So let me begin with a story.
In the basement of my current home there is a painting I did probably something like 12 or 13 years ago. It’s a large canvas, the length of my armspan. Its colors are bright – like the sun, like fire. The painting orbits around a primary quote from Helen Keller:
Security is mostly a superstition. It does not exist in nature, nor do the children of [humanity] as a whole experience it. Avoiding danger is no safer in the long run than outright exposure. Life is either a daring adventure, or nothing.
I painted this at a time in my life when I needed some encouragement to be daring. I had just adopted two children. On my own. Out of foster care. Previously, my ex and I had fostered these two munchkins, but my decade-long relationship with her had ended, and it was up to me to be the constant in these kiddos’ lives. Though I was raising them in a Village of caring adults – including my home congregation in Northampton, Massachusetts, it was a bold, frightening step I had taken.
Back then, the painting hung in a room just off the kitchen and I would see it multiple times each day. I needed its constant companionship and reminder. I can’t tell you how many times I broke down into tears during those years, sometimes in solitude, sometimes in the company of good people, known and strangers. I was uncertain what the future held but it was “choiceless” – it was really the only thing I could do. I fell in love with them. They needed me. I needed them.
Stories. We need to tell these stories to each other, share them in the world. Stories of vulnerability, stories of hope, stories of hurt, stories of courage, stories that tell the truth. The messy truth. The shiny truth. The awkward truth. The mundane truth. The scientific truth. The metaphorical truth. The truth that does not always make immediate sense.
Eventually, and with help, I bought an old house in a sweet neighborhood. I remember the sense of triumph the day I first mowed the lawn – not a small plot – all by myself.
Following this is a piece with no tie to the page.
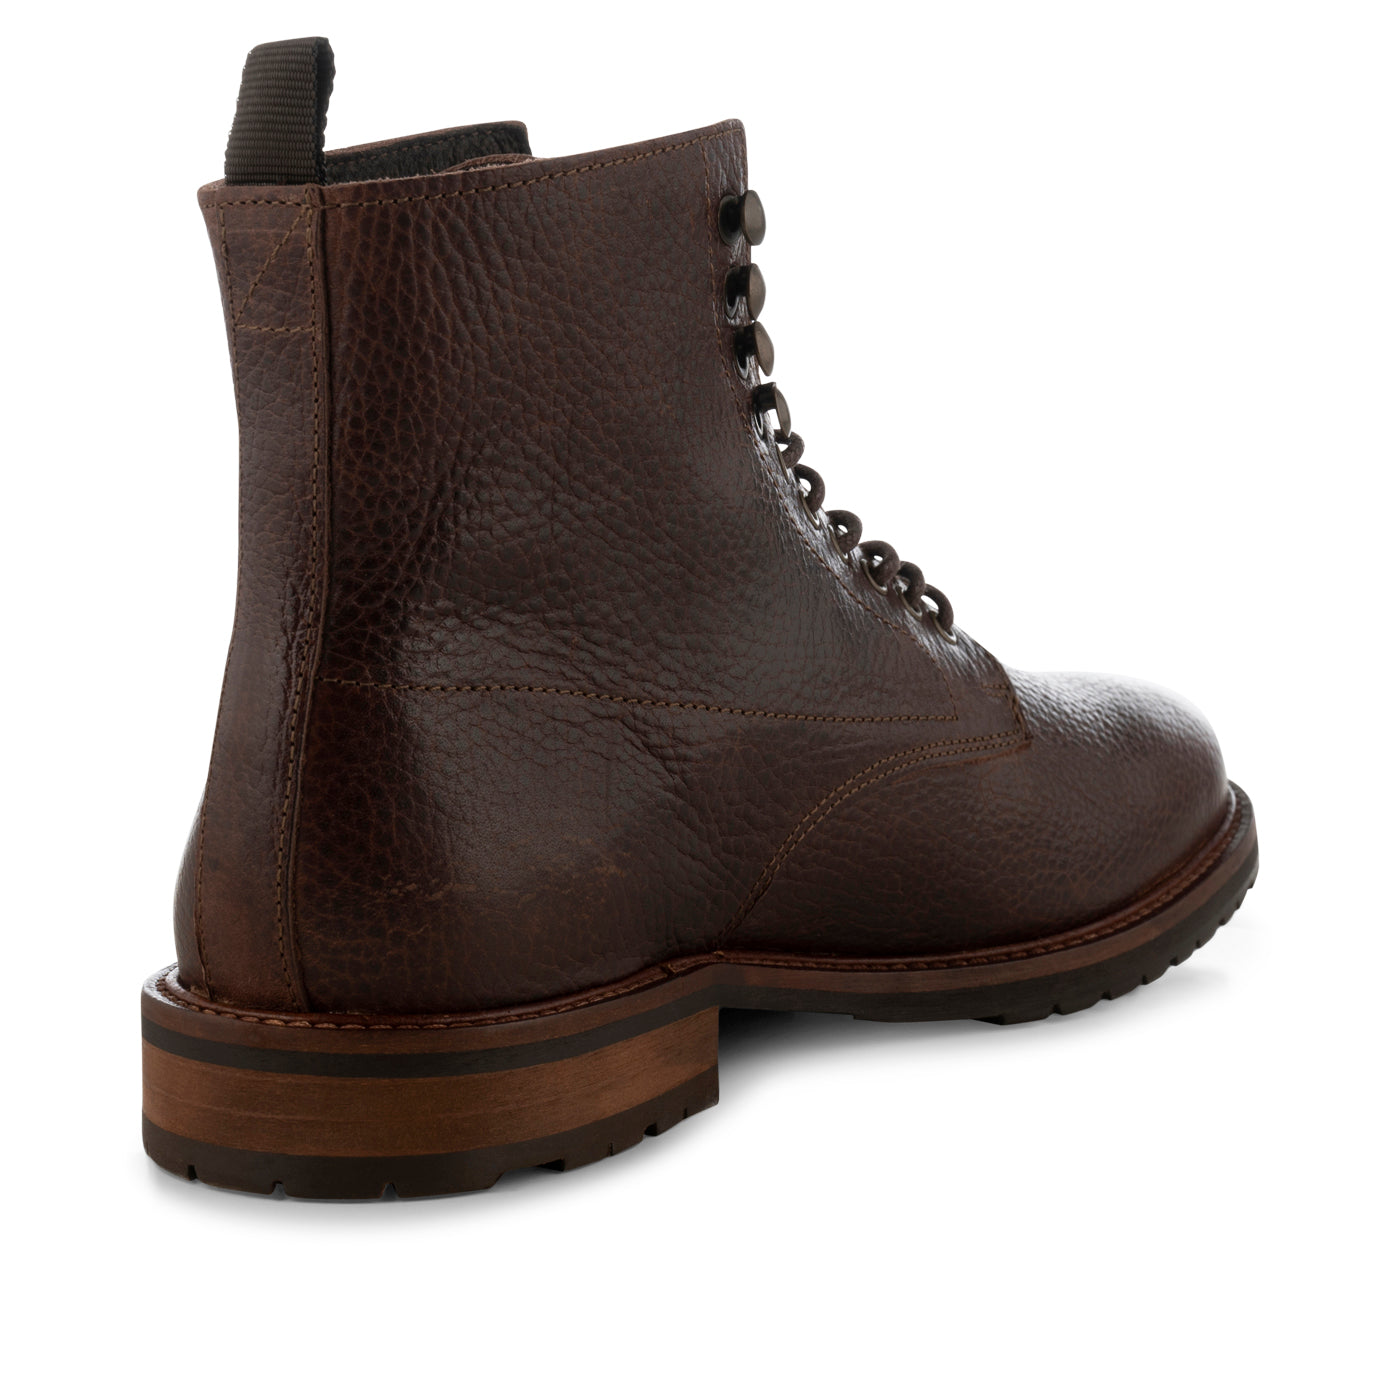 York lace up boot leather - BROWN – SHOE THE BEAR - US

I had been so intimidated: going to the local hardware store, buying the mower itself, feeling butch enough to be the master of that machine. But I did it. I triumphed over that long expanse of green. And then had to do it again the following week.
Raising children. Mowing a lawn. Getting out of bed some mornings. Speaking truth to power. Having hope when despair or numbness or self-absorption seems the more obvious answer. All of these require boldness in the face of uncertainty. Well, maybe there’s not that much uncertainty when it comes to mowing a lawn, but I tell you, sometimes it does require boldness.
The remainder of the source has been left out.